What is being asked — With images removed, return the whole listing exactly as written.

The data —
◆ ◆ ◆ ◆ ◆
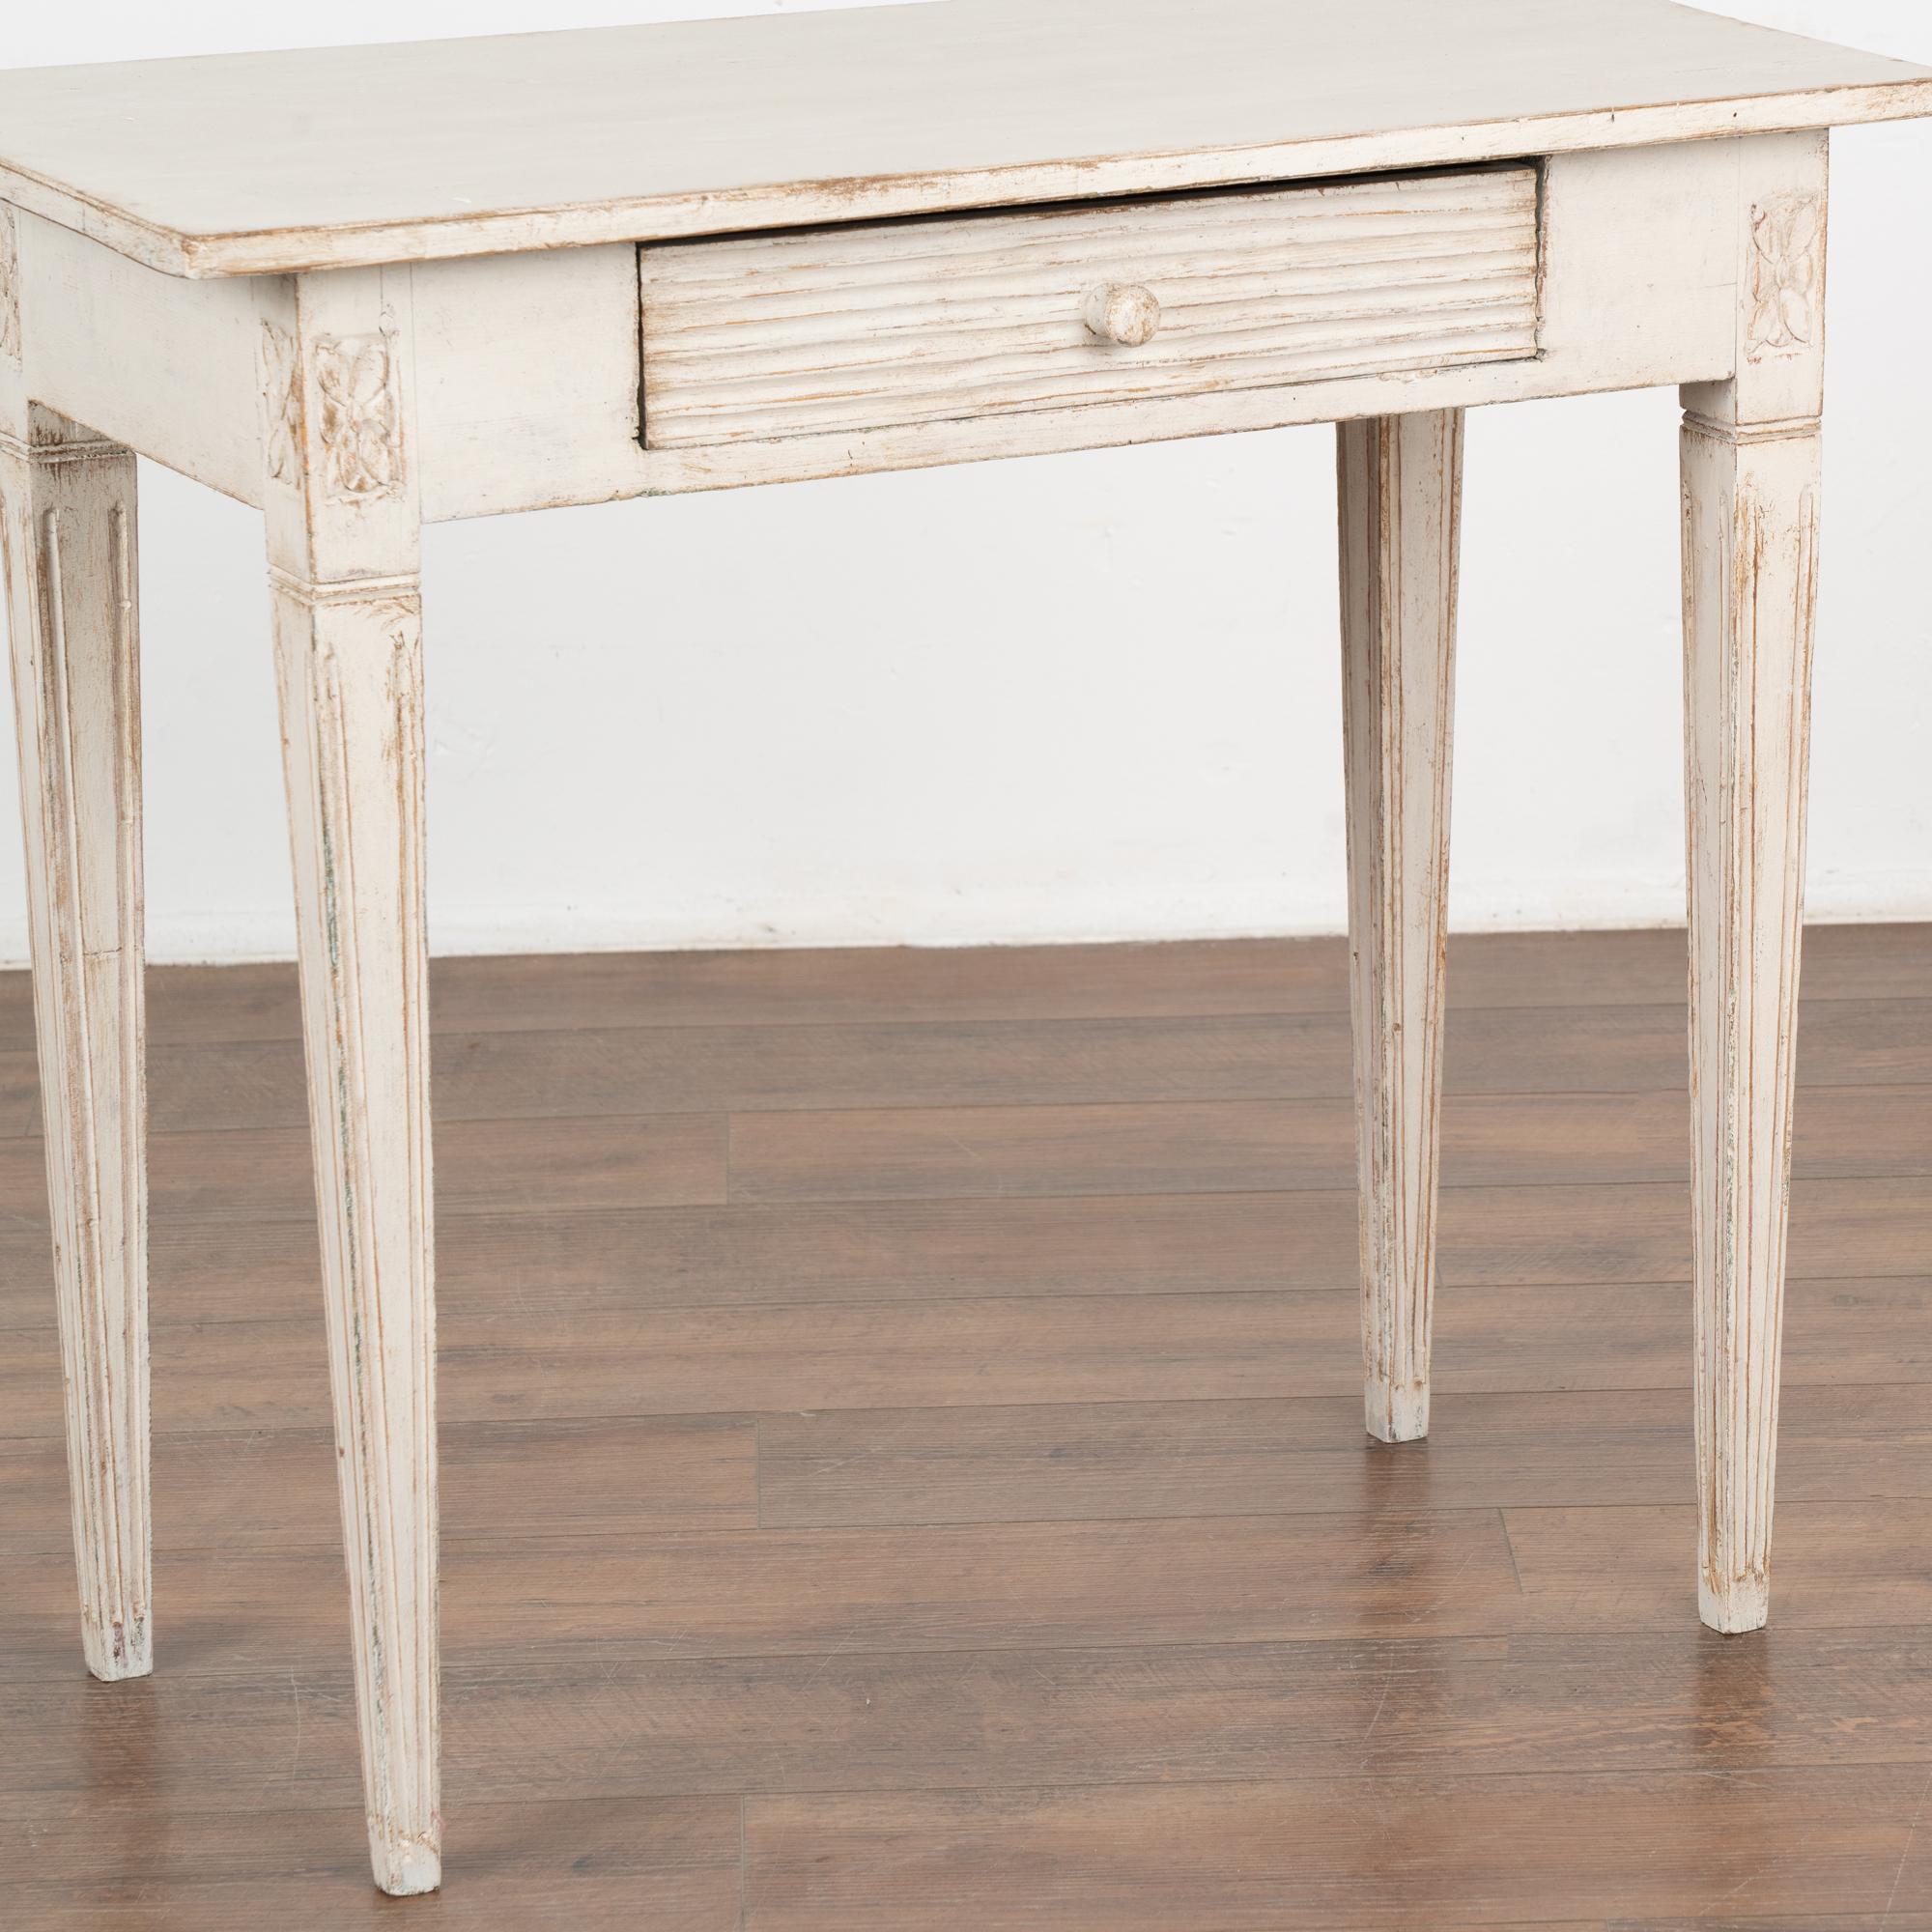 White Painted Side Table With Single Drawer, Sweden circa 1860-80 For Sale 2
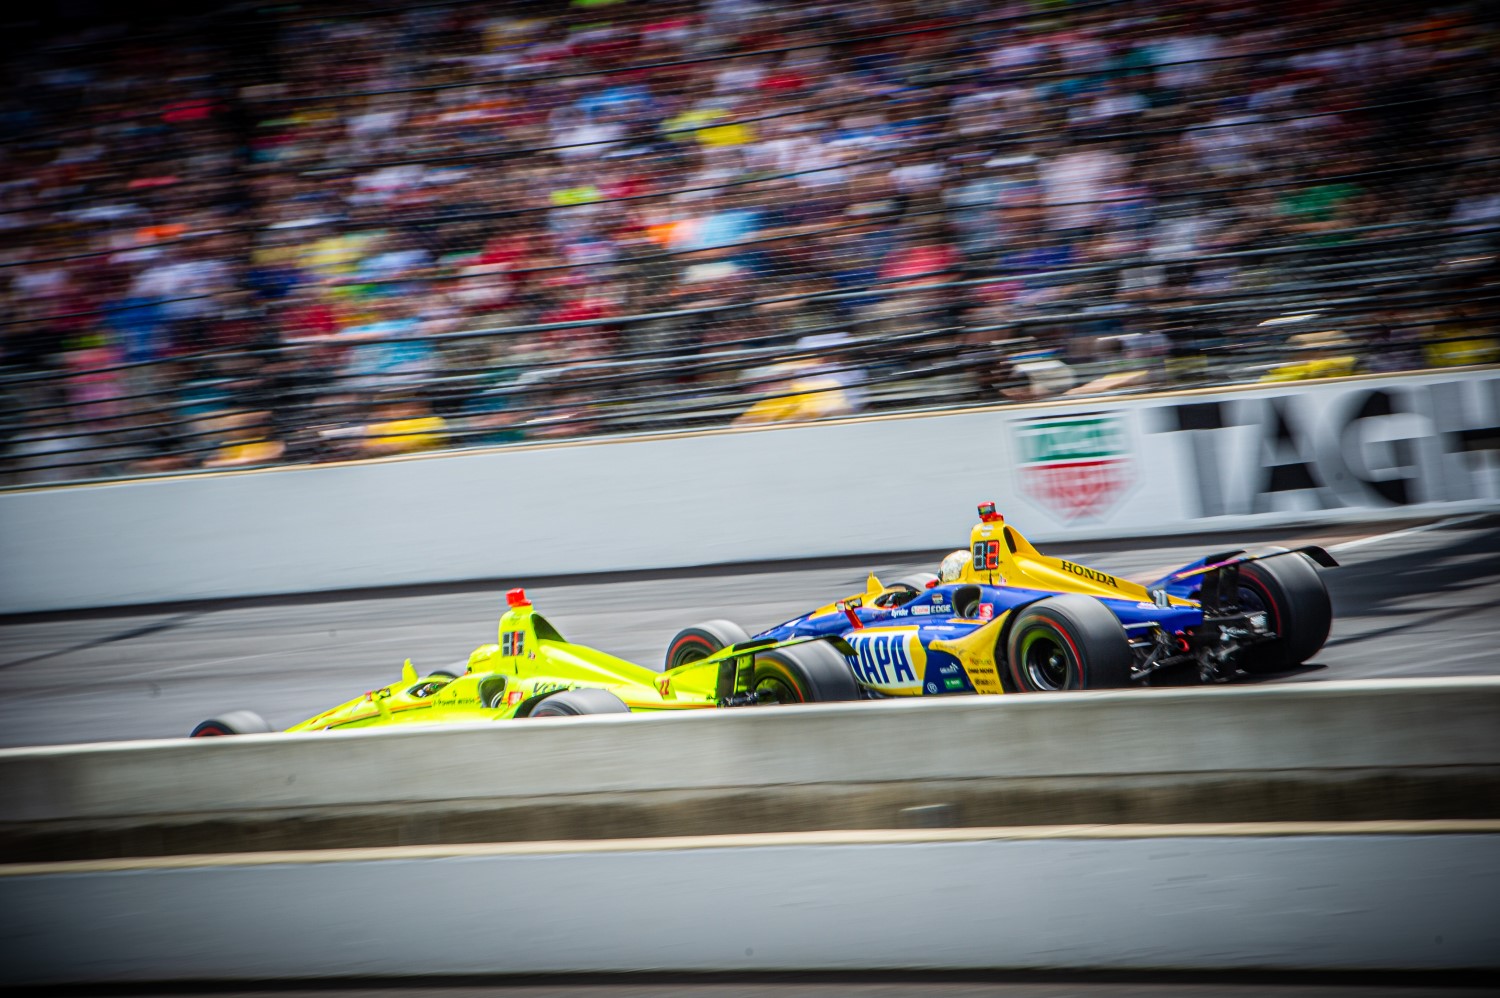 Pagenaud and Rossi put on a show at Indy
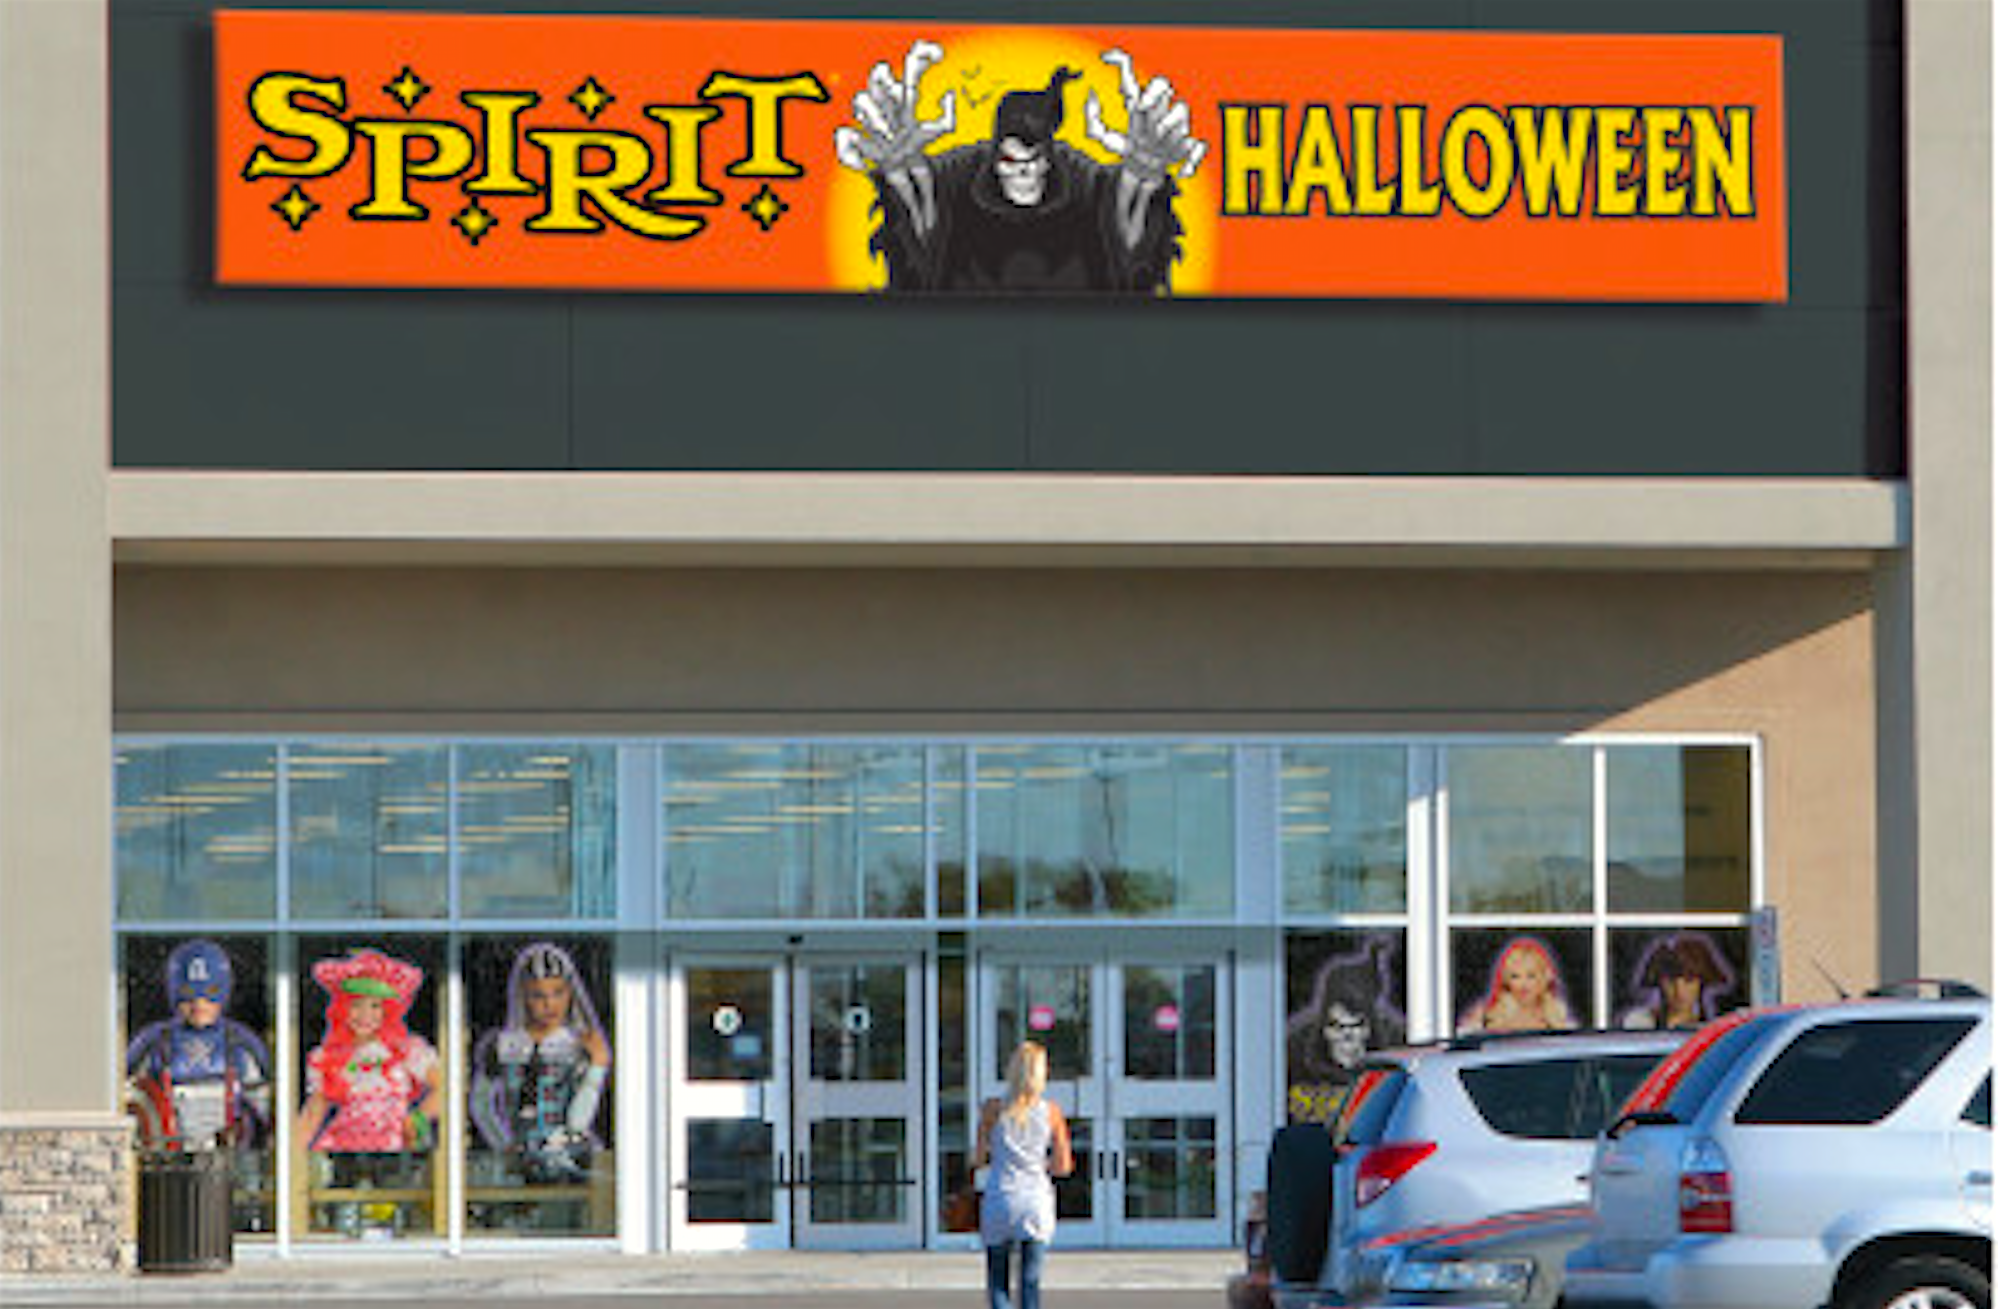 Spirit Halloween stores survive COVID-19 pandemic to spook you - Vancouver Is Awesome
◆ ◆ ◆ ◆ ◆
Reply —
 White Painted Side Table With Single Drawer, Sweden circa 1860-80 For Sale 2
 Pagenaud and Rossi put on a show at Indy
 Spirit Halloween stores survive COVID-19 pandemic to spook you - Vancouver Is Awesome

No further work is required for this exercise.